Saved entries:
-.-.-
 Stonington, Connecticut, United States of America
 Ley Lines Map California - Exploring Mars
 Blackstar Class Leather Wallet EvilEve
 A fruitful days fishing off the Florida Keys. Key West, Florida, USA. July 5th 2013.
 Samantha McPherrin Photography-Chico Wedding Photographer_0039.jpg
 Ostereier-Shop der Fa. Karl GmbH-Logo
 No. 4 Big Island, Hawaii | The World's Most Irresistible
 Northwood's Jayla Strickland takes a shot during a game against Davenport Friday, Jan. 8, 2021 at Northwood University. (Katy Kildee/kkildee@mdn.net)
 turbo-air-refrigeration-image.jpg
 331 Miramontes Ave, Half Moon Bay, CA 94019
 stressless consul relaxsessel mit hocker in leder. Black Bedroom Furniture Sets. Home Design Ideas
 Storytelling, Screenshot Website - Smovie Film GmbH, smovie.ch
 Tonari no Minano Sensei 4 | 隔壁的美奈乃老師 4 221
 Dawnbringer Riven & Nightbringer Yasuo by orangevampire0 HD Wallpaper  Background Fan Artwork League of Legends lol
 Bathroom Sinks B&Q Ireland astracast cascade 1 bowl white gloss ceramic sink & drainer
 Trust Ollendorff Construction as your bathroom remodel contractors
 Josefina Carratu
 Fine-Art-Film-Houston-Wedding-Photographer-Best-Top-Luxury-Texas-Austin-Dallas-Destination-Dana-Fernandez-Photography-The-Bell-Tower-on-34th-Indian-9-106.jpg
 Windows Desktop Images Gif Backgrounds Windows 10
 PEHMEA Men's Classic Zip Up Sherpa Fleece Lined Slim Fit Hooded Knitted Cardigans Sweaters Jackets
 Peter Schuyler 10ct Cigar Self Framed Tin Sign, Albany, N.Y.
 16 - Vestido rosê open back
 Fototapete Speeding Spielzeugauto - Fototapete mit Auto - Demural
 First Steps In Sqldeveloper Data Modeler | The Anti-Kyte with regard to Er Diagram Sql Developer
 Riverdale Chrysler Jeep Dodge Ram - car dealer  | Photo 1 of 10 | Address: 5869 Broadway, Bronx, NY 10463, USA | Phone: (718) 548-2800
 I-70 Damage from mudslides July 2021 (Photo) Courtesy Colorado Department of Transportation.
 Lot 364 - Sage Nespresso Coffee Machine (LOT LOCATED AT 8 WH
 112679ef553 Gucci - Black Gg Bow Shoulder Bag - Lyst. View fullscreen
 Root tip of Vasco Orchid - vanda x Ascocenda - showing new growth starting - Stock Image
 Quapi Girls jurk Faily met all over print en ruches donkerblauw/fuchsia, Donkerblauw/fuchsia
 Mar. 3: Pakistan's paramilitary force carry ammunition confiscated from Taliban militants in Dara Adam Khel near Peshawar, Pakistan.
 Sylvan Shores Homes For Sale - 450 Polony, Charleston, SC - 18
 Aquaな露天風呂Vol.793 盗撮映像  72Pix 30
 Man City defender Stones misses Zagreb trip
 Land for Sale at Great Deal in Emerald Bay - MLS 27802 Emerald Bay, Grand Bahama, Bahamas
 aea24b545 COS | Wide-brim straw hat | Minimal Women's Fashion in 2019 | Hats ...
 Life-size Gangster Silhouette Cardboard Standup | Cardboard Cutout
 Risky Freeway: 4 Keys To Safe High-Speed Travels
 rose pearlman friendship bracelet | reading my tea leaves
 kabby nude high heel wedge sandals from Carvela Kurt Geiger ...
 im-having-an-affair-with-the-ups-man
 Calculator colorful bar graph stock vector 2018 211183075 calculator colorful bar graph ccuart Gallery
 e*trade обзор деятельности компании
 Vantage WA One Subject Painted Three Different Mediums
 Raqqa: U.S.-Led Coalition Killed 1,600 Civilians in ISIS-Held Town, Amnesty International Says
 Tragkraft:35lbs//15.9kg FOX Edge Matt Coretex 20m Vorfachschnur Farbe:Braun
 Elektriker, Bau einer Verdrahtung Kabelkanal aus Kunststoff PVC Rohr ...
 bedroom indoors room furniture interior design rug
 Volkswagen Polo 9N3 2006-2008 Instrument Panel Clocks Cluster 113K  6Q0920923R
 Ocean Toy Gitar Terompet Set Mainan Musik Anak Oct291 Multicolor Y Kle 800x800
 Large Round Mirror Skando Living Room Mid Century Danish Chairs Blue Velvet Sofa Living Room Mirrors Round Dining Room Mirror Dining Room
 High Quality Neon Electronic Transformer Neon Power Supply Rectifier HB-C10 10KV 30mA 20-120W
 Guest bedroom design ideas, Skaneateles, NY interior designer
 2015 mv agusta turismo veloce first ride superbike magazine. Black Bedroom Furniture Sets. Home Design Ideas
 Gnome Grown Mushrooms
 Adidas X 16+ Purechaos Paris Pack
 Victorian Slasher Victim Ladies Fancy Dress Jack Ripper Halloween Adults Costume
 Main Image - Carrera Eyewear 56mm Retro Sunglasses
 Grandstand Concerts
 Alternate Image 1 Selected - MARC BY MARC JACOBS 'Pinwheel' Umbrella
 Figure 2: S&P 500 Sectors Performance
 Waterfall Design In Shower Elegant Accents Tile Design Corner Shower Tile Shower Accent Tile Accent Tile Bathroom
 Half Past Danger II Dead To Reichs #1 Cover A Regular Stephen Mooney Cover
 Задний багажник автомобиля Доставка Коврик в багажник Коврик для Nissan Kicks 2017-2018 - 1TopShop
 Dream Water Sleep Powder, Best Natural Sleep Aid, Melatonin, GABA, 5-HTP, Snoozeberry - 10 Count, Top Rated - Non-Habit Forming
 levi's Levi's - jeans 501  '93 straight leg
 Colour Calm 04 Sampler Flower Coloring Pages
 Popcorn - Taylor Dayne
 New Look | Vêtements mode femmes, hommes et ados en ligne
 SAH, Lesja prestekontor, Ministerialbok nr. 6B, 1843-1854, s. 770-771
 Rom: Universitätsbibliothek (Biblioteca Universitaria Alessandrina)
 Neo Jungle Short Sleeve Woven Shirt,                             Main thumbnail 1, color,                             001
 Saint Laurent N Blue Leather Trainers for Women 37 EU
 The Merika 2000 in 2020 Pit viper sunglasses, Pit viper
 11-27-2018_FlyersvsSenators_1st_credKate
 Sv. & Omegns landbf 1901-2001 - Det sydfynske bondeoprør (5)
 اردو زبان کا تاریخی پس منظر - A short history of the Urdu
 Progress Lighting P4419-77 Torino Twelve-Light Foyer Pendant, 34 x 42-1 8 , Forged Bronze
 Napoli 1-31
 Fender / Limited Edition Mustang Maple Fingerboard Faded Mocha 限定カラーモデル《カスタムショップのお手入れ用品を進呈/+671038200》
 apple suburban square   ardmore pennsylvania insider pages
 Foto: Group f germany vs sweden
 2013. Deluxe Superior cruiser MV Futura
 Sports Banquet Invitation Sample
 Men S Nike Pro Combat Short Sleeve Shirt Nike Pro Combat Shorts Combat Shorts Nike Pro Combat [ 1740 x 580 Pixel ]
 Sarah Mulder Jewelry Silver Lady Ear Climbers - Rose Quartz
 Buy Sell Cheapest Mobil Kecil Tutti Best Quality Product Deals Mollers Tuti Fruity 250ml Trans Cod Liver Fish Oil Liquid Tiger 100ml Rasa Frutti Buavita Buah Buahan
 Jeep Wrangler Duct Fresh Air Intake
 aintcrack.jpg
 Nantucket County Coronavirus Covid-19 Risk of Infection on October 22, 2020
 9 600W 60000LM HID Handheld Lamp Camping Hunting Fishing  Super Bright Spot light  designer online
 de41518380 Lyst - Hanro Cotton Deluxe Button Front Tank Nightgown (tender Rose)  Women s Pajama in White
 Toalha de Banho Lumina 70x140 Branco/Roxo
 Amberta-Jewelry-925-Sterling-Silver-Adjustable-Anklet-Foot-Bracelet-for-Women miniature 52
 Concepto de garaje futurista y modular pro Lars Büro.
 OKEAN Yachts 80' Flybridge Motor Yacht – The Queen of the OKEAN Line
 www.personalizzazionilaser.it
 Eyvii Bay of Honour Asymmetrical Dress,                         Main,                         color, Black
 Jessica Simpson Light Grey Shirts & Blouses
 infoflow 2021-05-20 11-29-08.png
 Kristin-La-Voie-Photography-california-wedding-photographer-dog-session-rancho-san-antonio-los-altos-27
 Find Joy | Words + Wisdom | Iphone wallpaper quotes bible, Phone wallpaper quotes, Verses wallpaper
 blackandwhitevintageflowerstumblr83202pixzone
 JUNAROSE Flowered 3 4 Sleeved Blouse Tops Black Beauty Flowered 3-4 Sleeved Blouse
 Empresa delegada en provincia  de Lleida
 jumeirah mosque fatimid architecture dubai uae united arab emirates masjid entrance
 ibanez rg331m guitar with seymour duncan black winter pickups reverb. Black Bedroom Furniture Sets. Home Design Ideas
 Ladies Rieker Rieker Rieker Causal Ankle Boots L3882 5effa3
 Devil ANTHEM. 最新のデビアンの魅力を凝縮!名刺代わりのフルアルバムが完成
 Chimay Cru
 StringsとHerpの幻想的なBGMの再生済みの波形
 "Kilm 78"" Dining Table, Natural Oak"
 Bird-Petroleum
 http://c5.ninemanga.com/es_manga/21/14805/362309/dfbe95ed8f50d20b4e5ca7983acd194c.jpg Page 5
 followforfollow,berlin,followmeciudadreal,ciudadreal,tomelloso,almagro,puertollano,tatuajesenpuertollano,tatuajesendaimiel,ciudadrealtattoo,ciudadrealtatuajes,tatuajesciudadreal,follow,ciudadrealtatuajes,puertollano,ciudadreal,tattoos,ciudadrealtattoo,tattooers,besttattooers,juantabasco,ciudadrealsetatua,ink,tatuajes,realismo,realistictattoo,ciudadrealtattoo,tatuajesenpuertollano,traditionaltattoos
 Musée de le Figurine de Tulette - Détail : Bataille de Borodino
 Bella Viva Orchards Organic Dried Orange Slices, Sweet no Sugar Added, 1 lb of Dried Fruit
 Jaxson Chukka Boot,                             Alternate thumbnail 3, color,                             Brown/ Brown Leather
-.-.-
# WHAT YOU SHOULD DO
From the line holding "Neo Jungle Short" to the line holding "Sports Banquet Invitation Sample", inclusive, restate each line above exactly as written.

# ANSWER BELOW
 Neo Jungle Short Sleeve Woven Shirt,                             Main thumbnail 1, color,                             001
 Saint Laurent N Blue Leather Trainers for Women 37 EU
 The Merika 2000 in 2020 Pit viper sunglasses, Pit viper
 11-27-2018_FlyersvsSenators_1st_credKate
 Sv. & Omegns landbf 1901-2001 - Det sydfynske bondeoprør (5)
 اردو زبان کا تاریخی پس منظر - A short history of the Urdu
 Progress Lighting P4419-77 Torino Twelve-Light Foyer Pendant, 34 x 42-1 8 , Forged Bronze
 Napoli 1-31
 Fender / Limited Edition Mustang Maple Fingerboard Faded Mocha 限定カラーモデル《カスタムショップのお手入れ用品を進呈/+671038200》
 apple suburban square   ardmore pennsylvania insider pages
 Foto: Group f germany vs sweden
 2013. Deluxe Superior cruiser MV Futura
 Sports Banquet Invitation Sample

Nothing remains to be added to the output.